Copy all data exactly. Skip pictures.

§ **DATA PROVIDED**:
================================
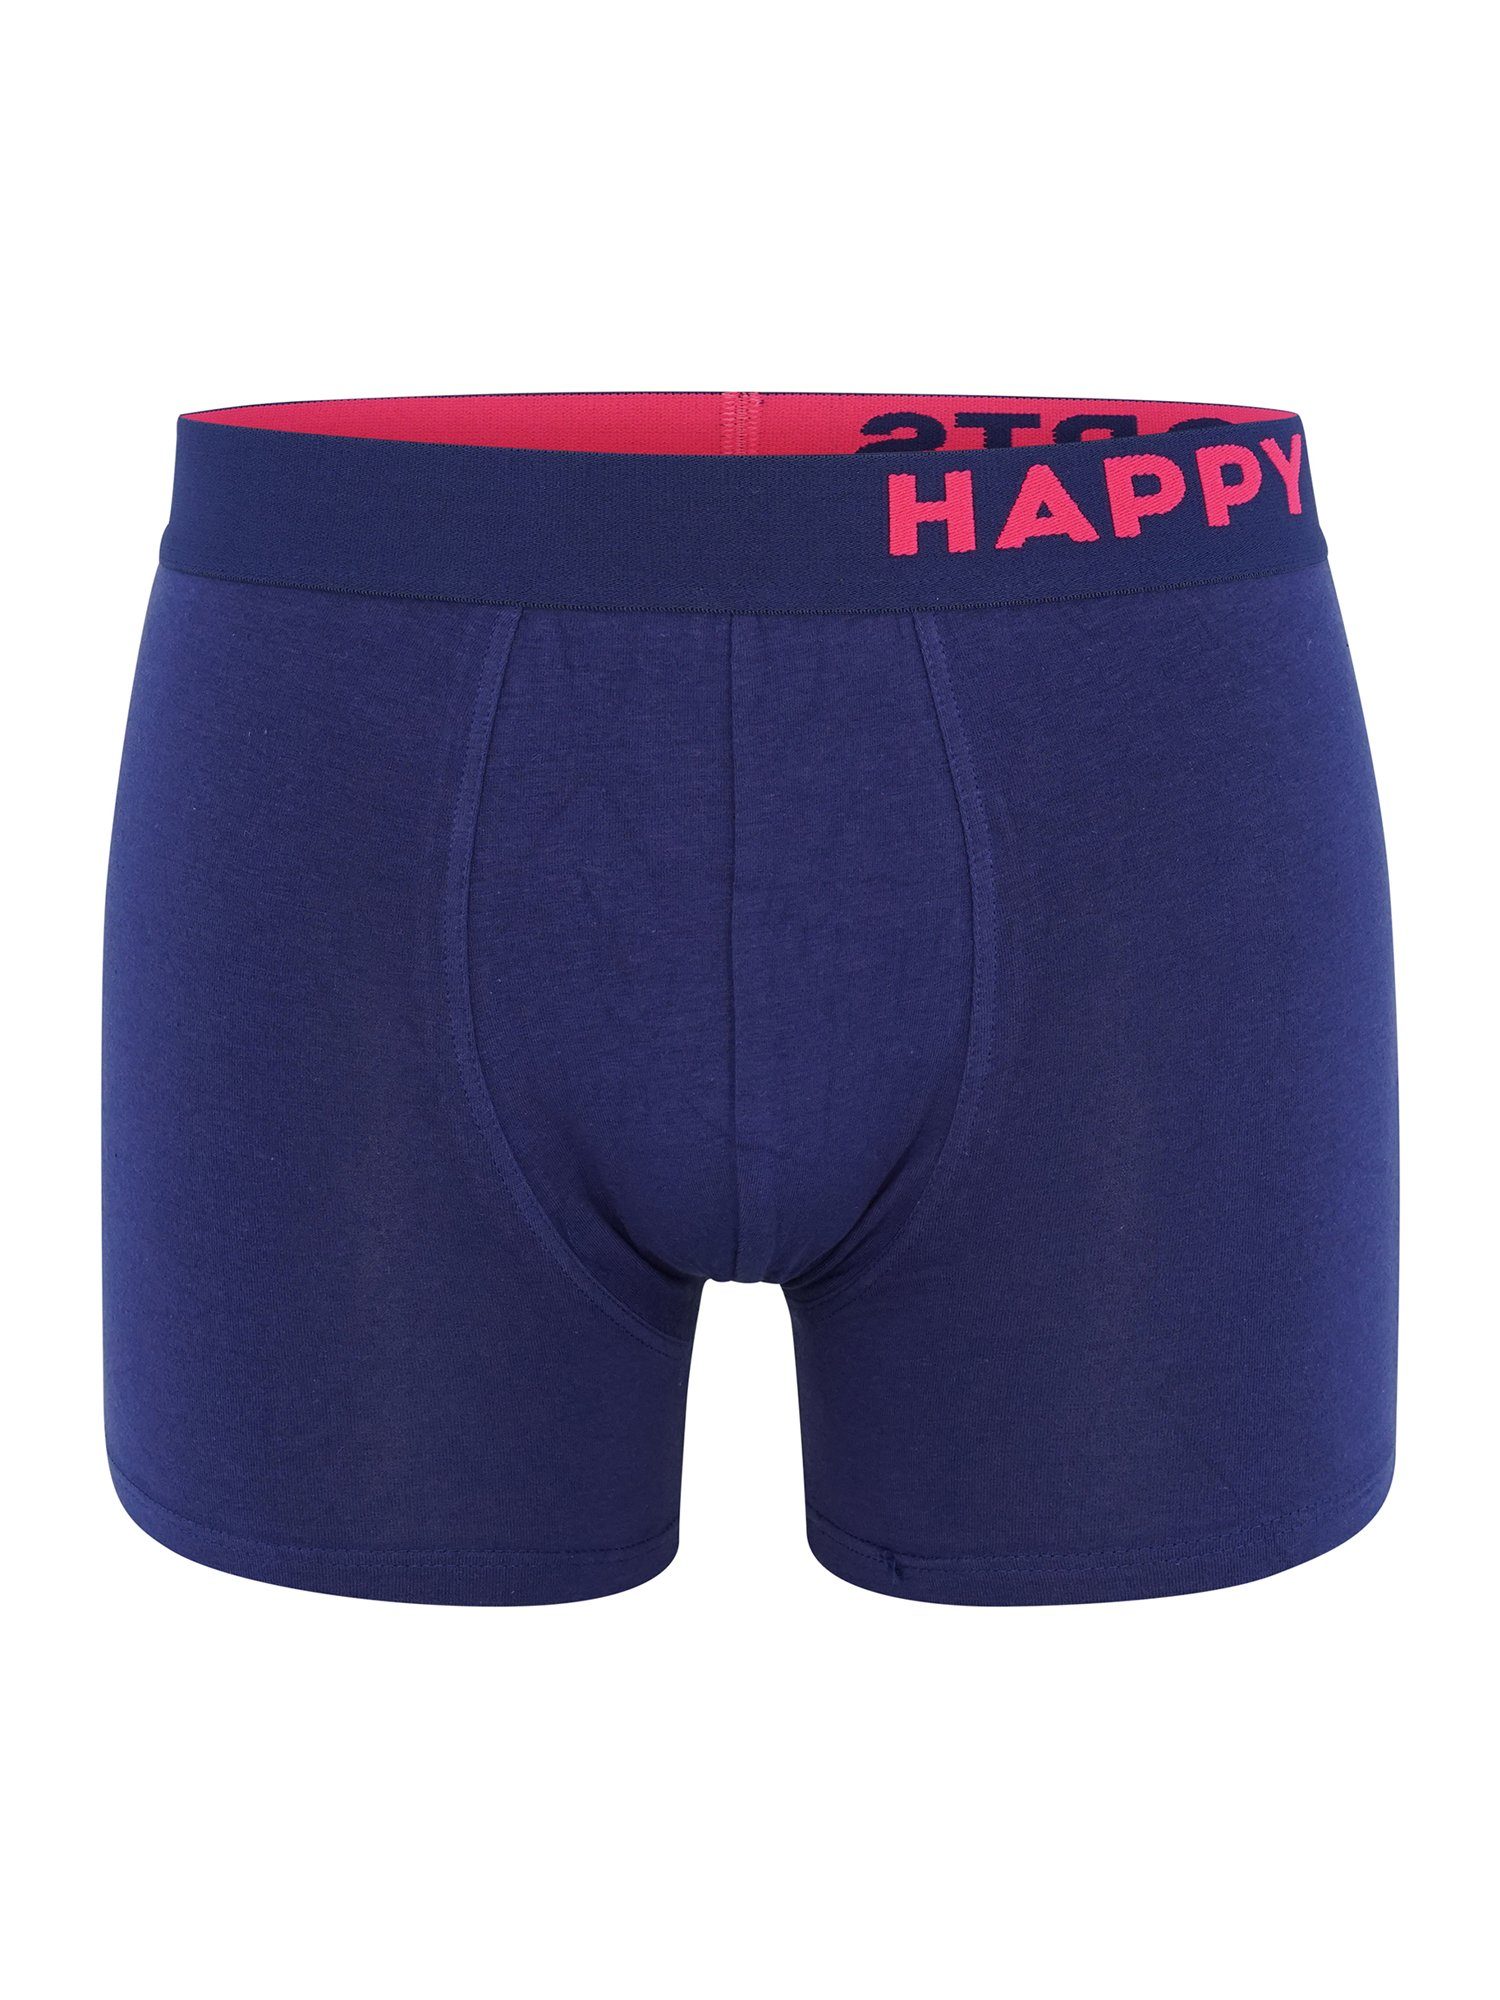 Trunks Neon SHORTS Motivprint Pants Retro HAPPY
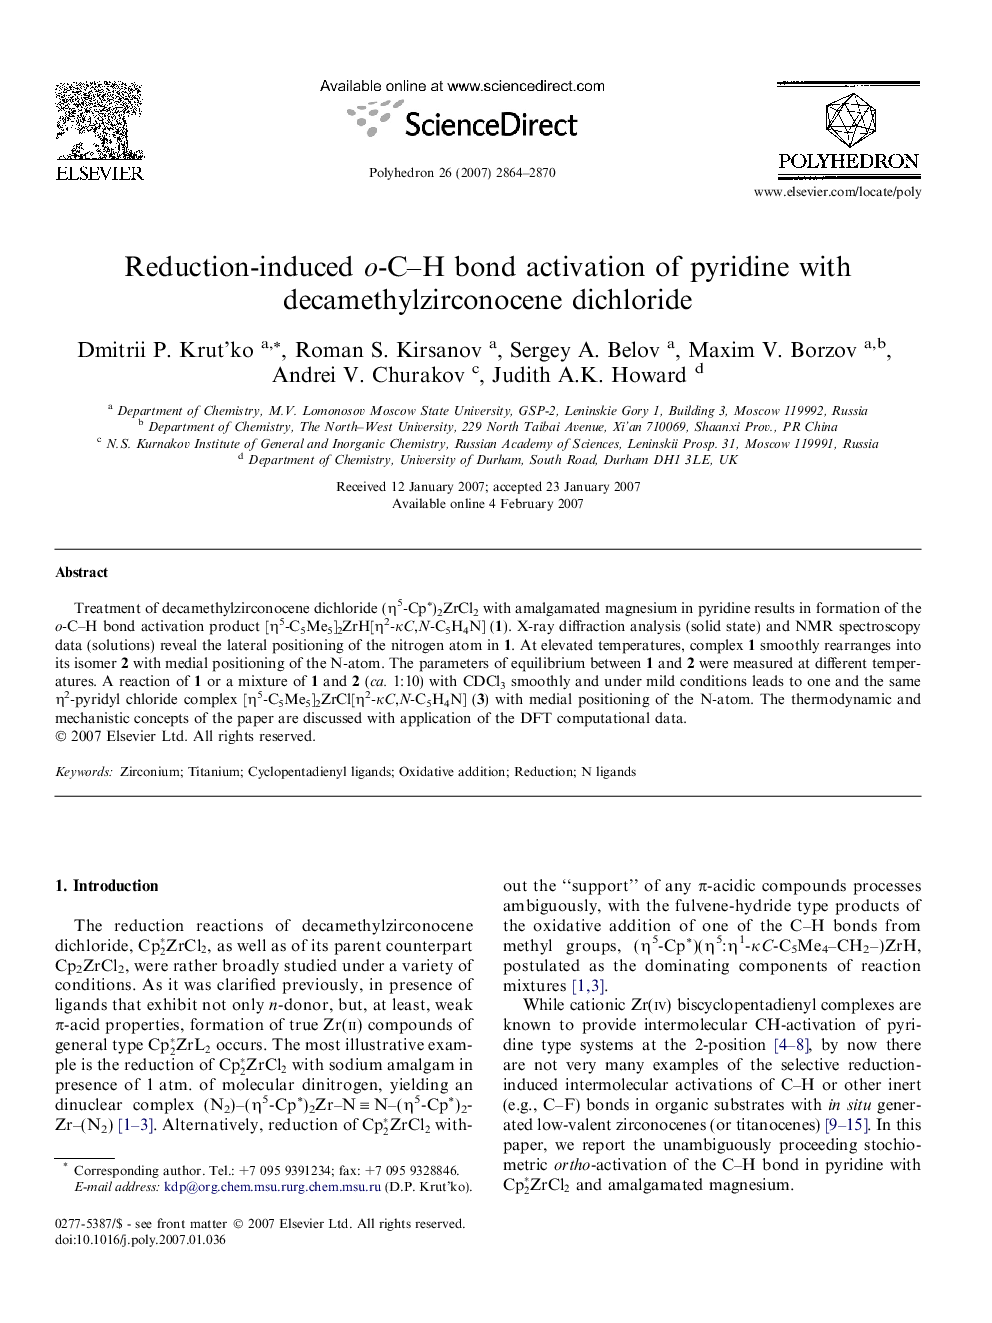 Reduction-induced o-C–H bond activation of pyridine with decamethylzirconocene dichloride
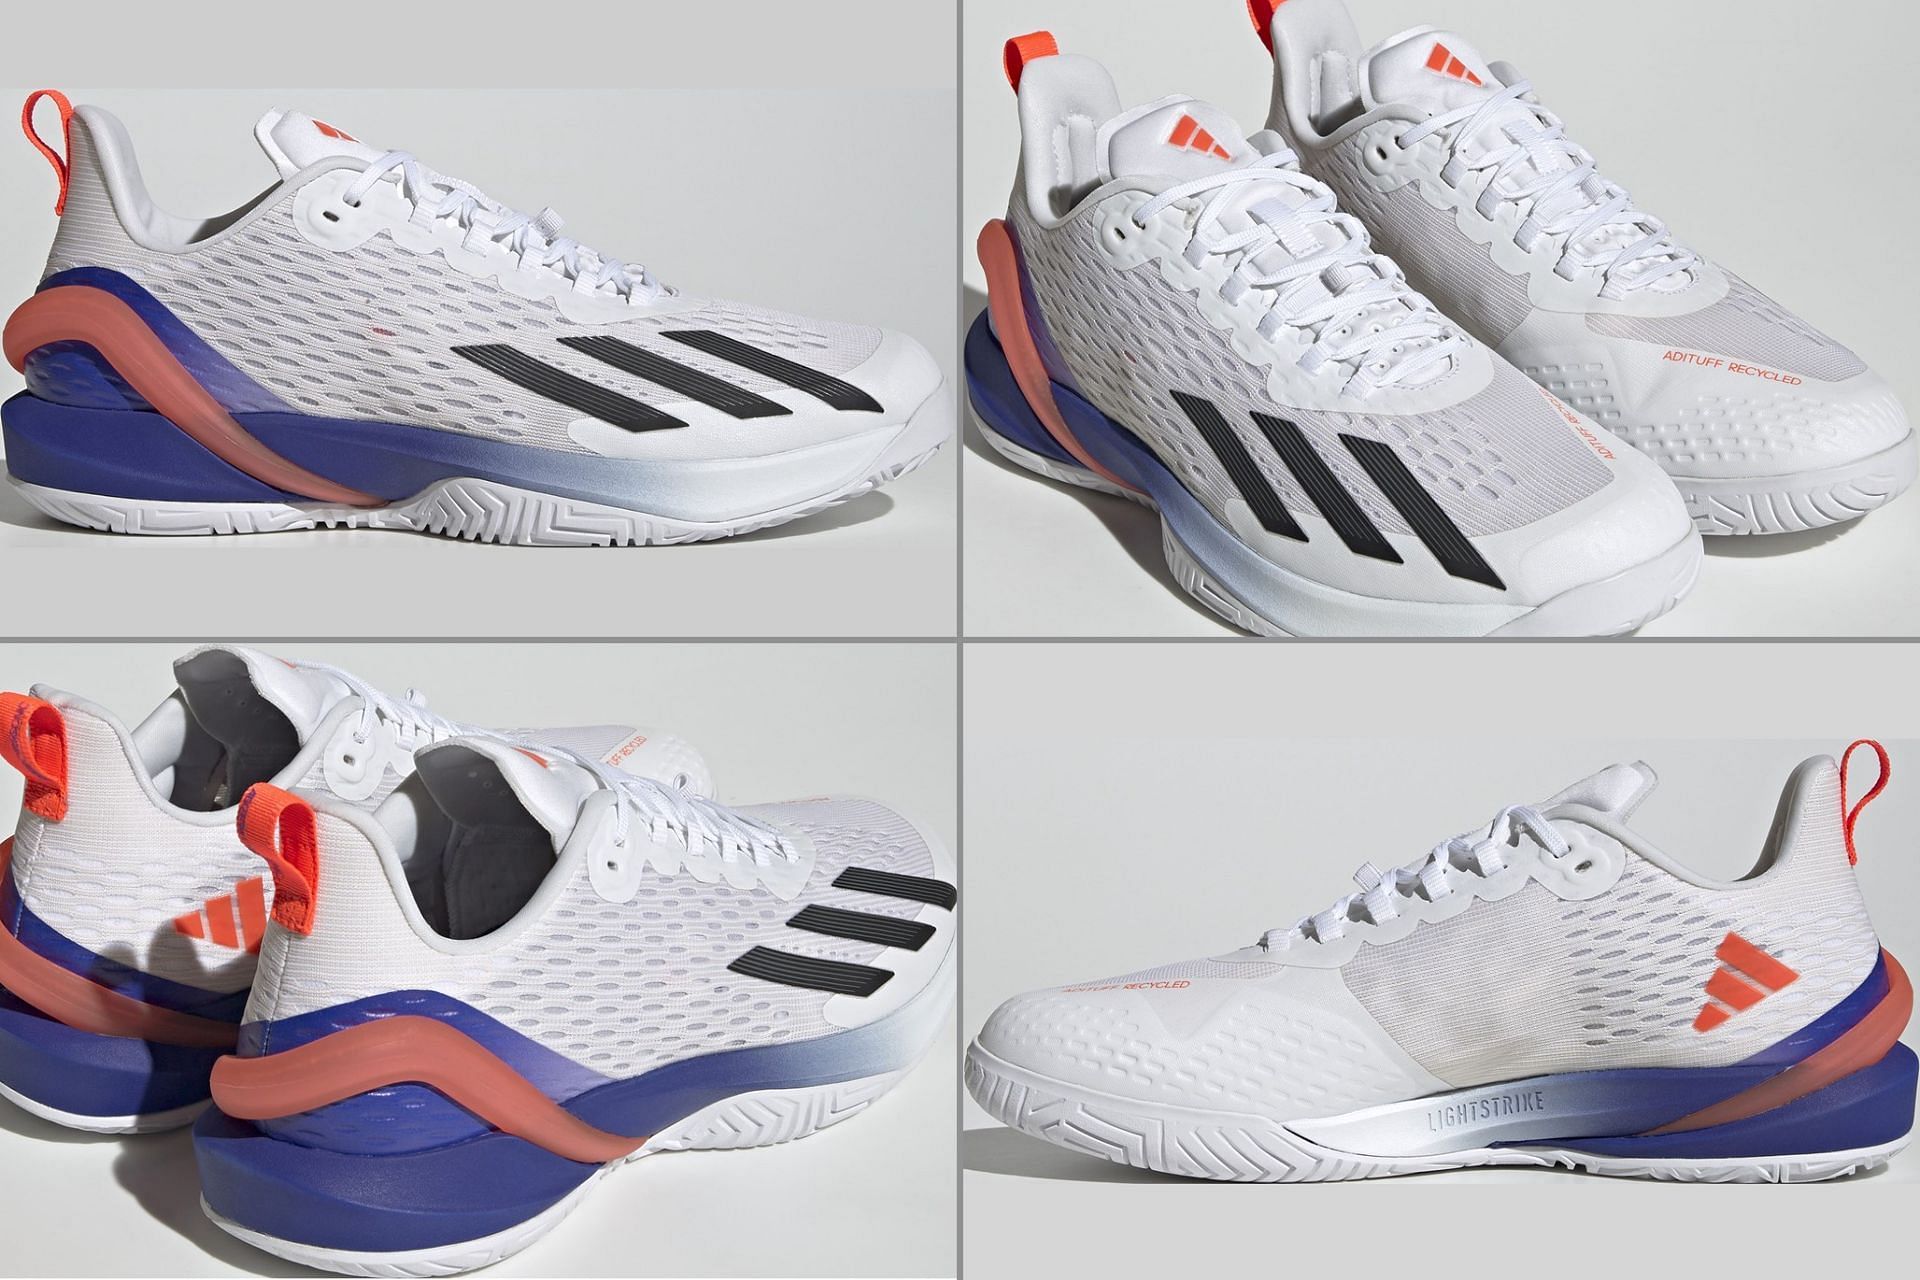 Upcoming Adizero Cybersonic shoe for men (Image via Sportskeeda)
================================
§ **EXERCISE OUTPUT**:
 Trunks Neon SHORTS Motivprint Pants Retro HAPPY
 Reduction-induced o-C–H bond activation of pyridine with decamethylzirconocene dichloride
 Upcoming Adizero Cybersonic shoe for men (Image via Sportskeeda)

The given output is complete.